Clinical Research Directory

Knee Flexionater to Avoid Motion Restoring Surgery

The goal of this clinical trial is to learn whether adding a stretching device to standard physical therapy can help people regain knee bending after total knee replacement surgery. Some people have difficulty bending their knee during recovery. When this happens, doctors may recommend another procedure called motion-restoring surgery to improve knee movement. This study aims to answer two main questions. First, does adding a hydraulic high-intensity stretching device to physical therapy help people regain knee bending after surgery? Second, does using the device affect recovery, daily activities, or the chance of needing another procedure? Researchers will compare two treatment approaches. One group will receive standard physical therapy alone. The other group will receive standard physical therapy and will also use a hydraulic high-intensity stretching device called the Ermi Knee Flexionater at home. Participants who receive the device will use it at home each day in addition to attending their physical therapy sessions. Researchers will measure how well participants can bend their knee and will ask questions about pain, daily function, and activity level. Participants will also complete simple walking and mobility tests. Study visits will occur about four weeks after surgery when participants enroll, and again at about eight weeks, twelve weeks, six months, one year, and two years after surgery. Researchers will compare results between the two groups to see whether the stretching device improves recovery after knee replacement.

Incidence and Determinants of Joint Contractures in Mechanically Ventilated ICU Patients

This prospective observational cohort study aims to evaluate the incidence and determinants of joint contracture development in mechanically ventilated adult patients admitted to the intensive care unit (ICU).
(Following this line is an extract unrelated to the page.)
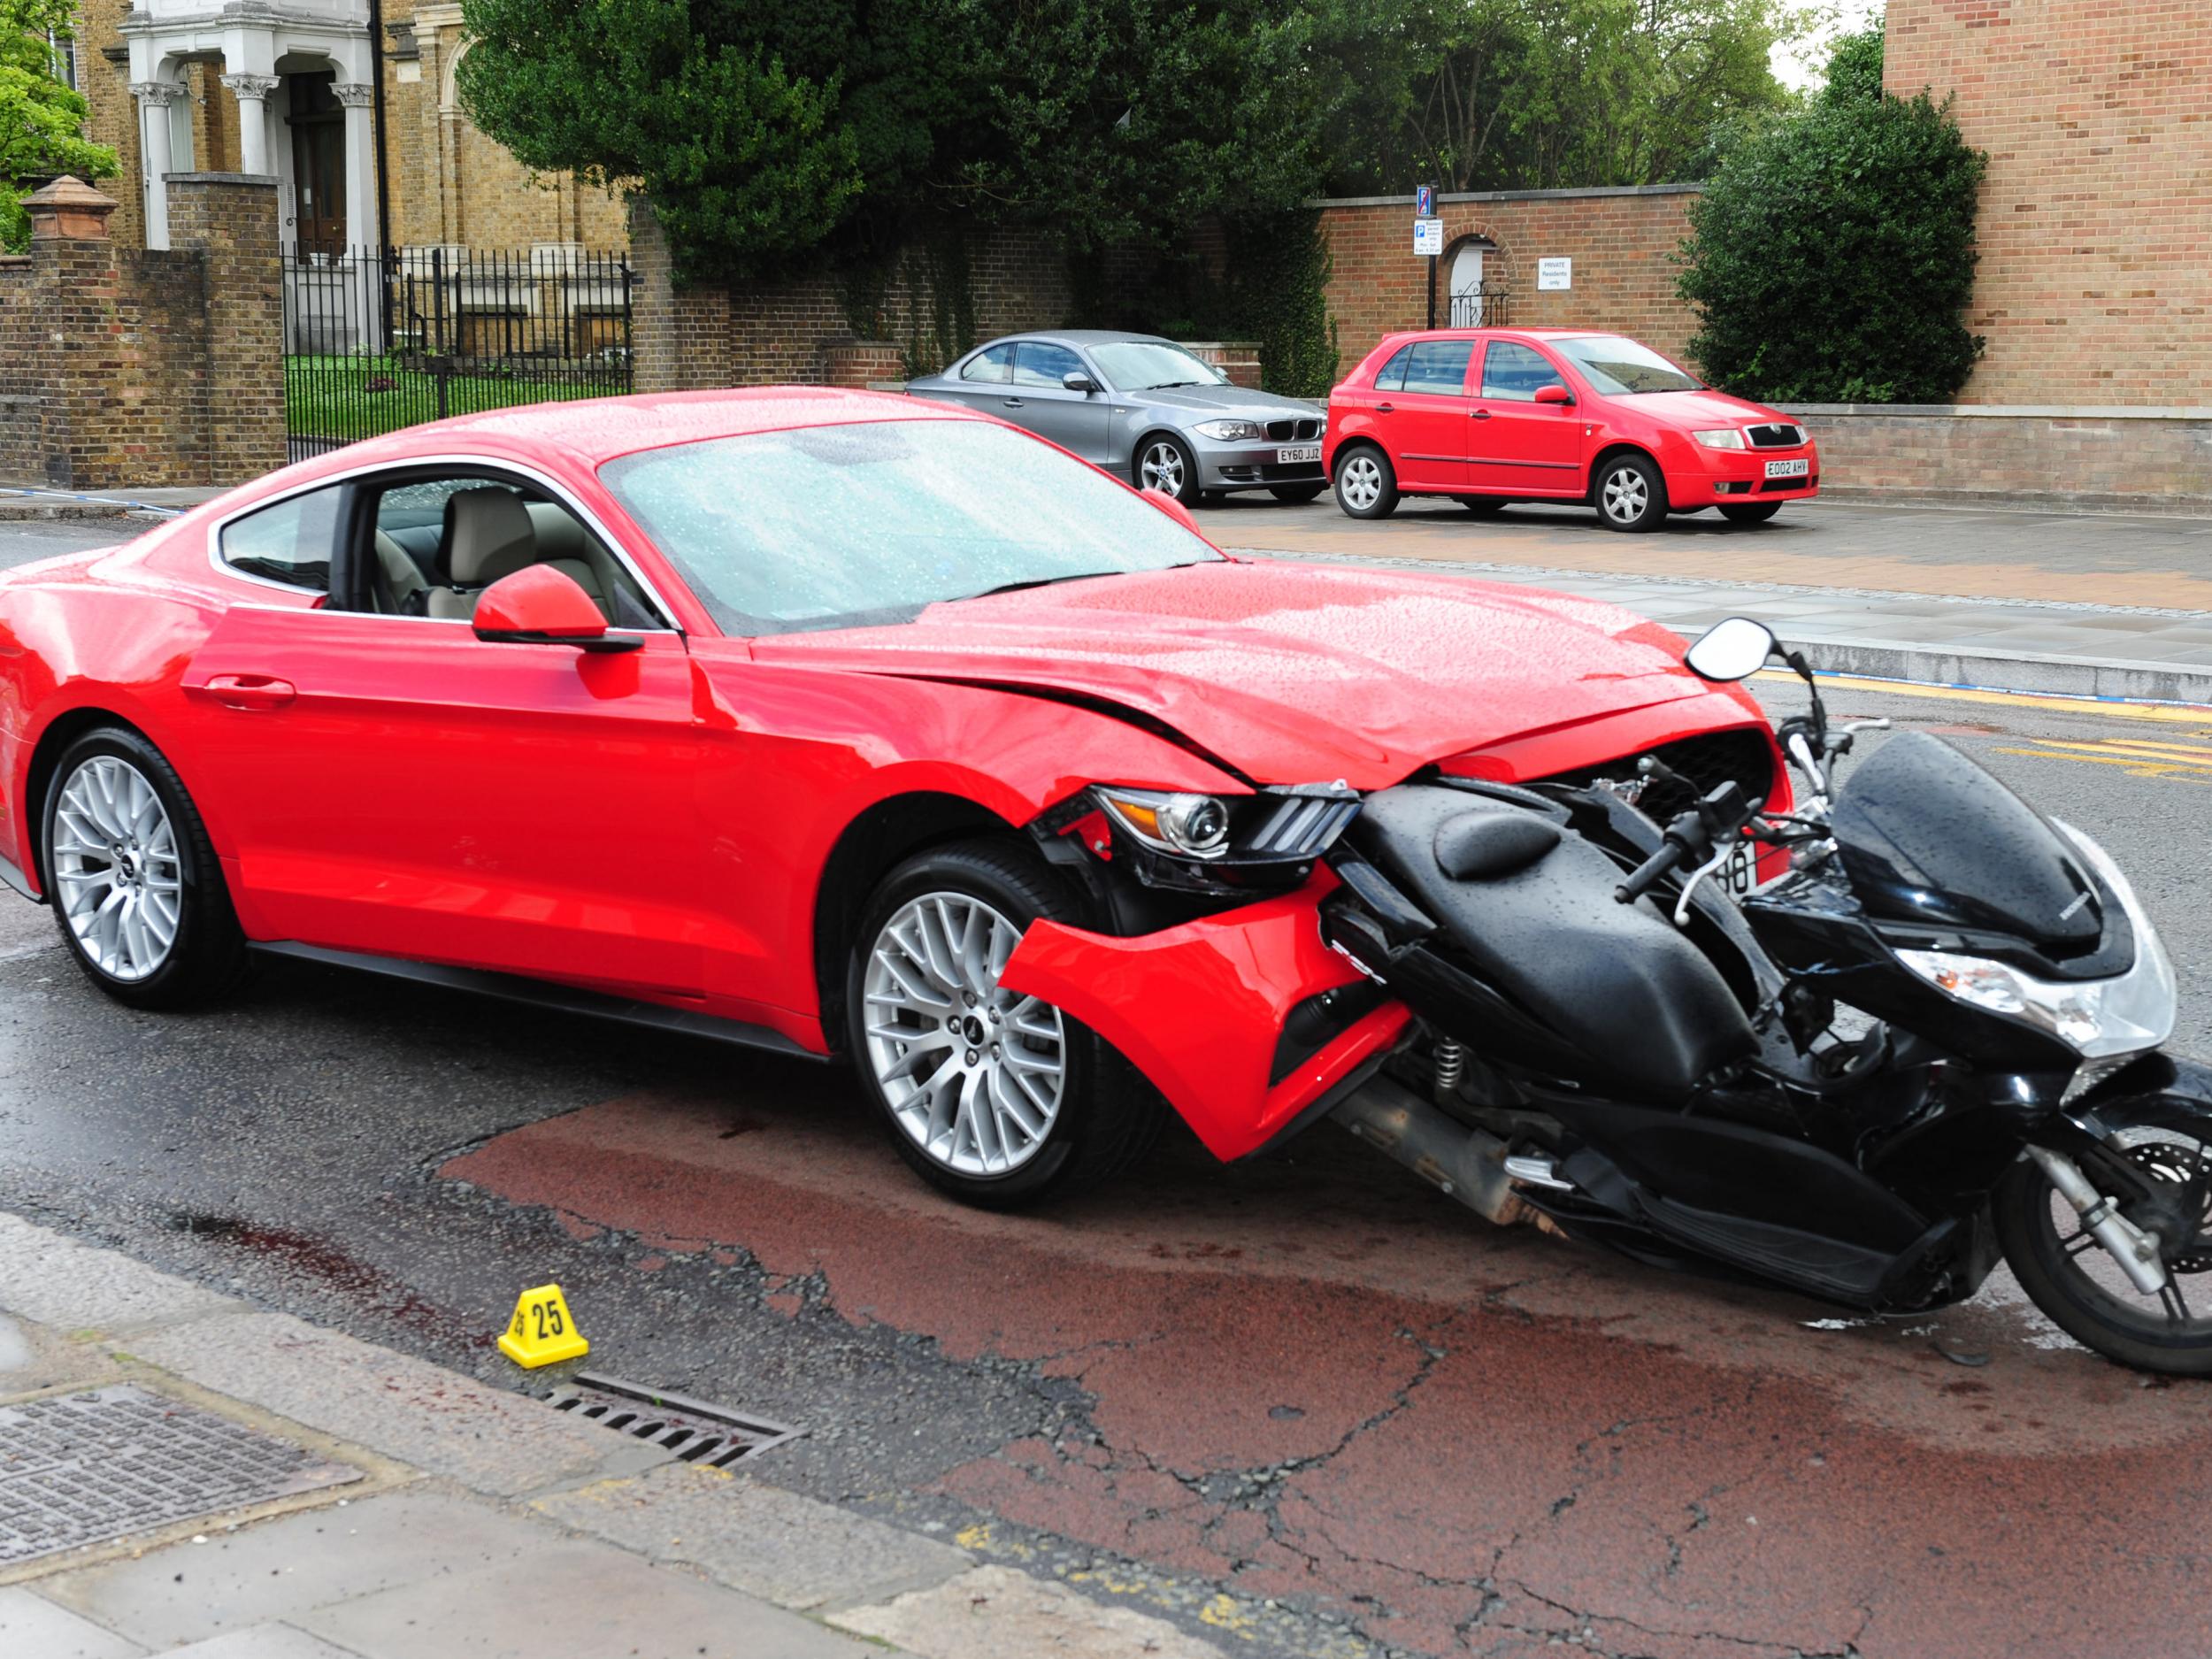 Bradley Clifford's red Ford Mustang after he crashed it into the moped carrying Soban Khan and Jahshua Francis in Enfield

Prolonged immobilization, deep sedation, and neuromuscular blockade are common in critically ill patients and may contribute to musculoskeletal complications, including joint contractures, which can adversely affect functional outcomes and rehabilitation after ICU discharge. Adult patients who are mechanically ventilated, immobilized, and have impaired consciousness will be consecutively enrolled and followed during their ICU stay. Joint range of motion will be assessed using standardized passive range of motion (PROM) measurements performed with a goniometer at predefined intervals by trained assessors. Joint contracture will be defined as a reduction of at least 33% in passive joint range of motion compared with normal reference values. This study is non-interventional, and all patients will receive routine ICU care and standard physiotherapy according to institutional protocols. No additional procedures or interventions will be applied for research purposes. Demographic characteristics, clinical variables, and ICU-related factors will be recorded to explore potential associations with contracture development. The findings of this study are expected to provide prospective data on the burden of joint contractures in mechanically ventilated ICU patients and to identify modifiable risk factors that may inform future preventive and rehabilitative strategies in critical care practice.